Mark Couwenhoven

Personal information
- Nationality: United States
- Born: January 28, 1997 (age 29)
- Height: 6 ft 5 in (196 cm)
- Weight: 180 lb (82 kg)

Sport
- Sport: Rowing

Medal record
Men's rowing
Representing United States
Pan American Games
| Gold medal – first place | 2023 Santiago | Mixed Eight |
| Bronze medal – third place | 2023 Santiago | Double sculls |

= Mark Couwenhoven =

American rower (born 1997)

Mark Couwenhoven (born January 28, 1997) is an American rower. At the 2023 Pan American Games, he won gold as a member of the mixed eight competition.

==Early life and education==
Born January 28, 1997, Couwenhoven was raised in Parkton, Maryland. He attended the University of Maryland, Baltimore County.

==Career ==

=== Collegiate career ===
Couwenhoven rowed with the University of Maryland, Baltimore County. In 2017, he won the lightweight eight at the Dad Vail Regatta. The next two years, he won the single sculls at the American Collegiate Rowing Association National Championships, as well as at the 2019 Dad Vail Regatta.

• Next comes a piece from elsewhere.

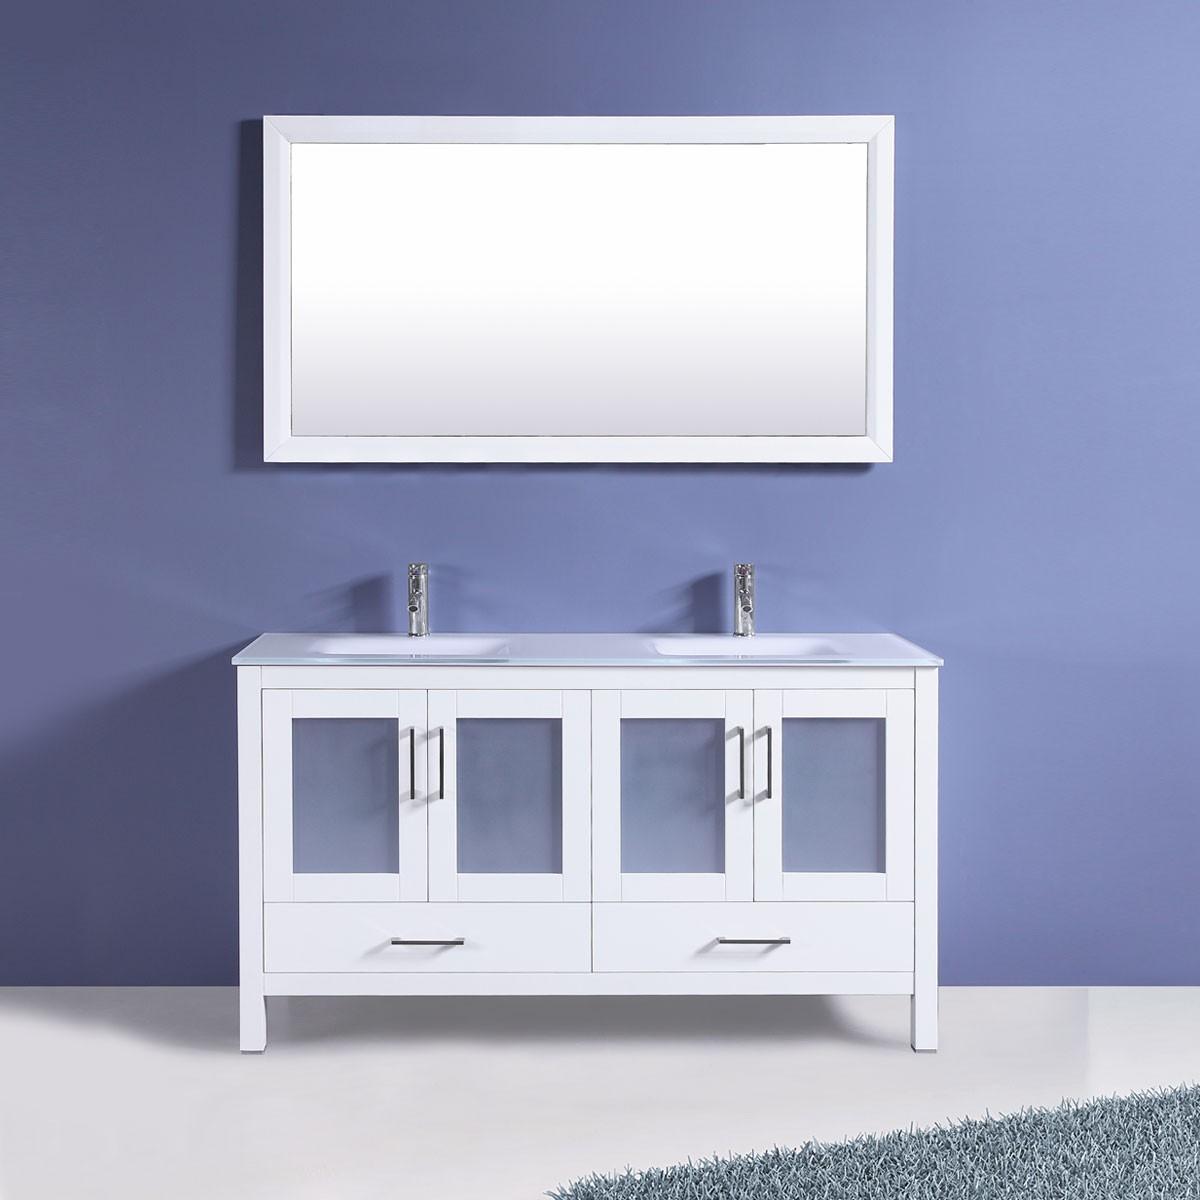 60 In. Freestanding Bathroom Vanity Set with Mirror and Double Sinks ...

=== National and international career ===
In 2015, Couwenhoven competed at the Canadian Henley, where he won the under-19 single sculls. In 2019, he finished tenth in the double at the World Rowing U23 Championships. In 2023, he competed in the Pan American Games, finishing first in the mixed eight competition, third in the men's double, fourth in the men’s eight, and fourth in the men's quad.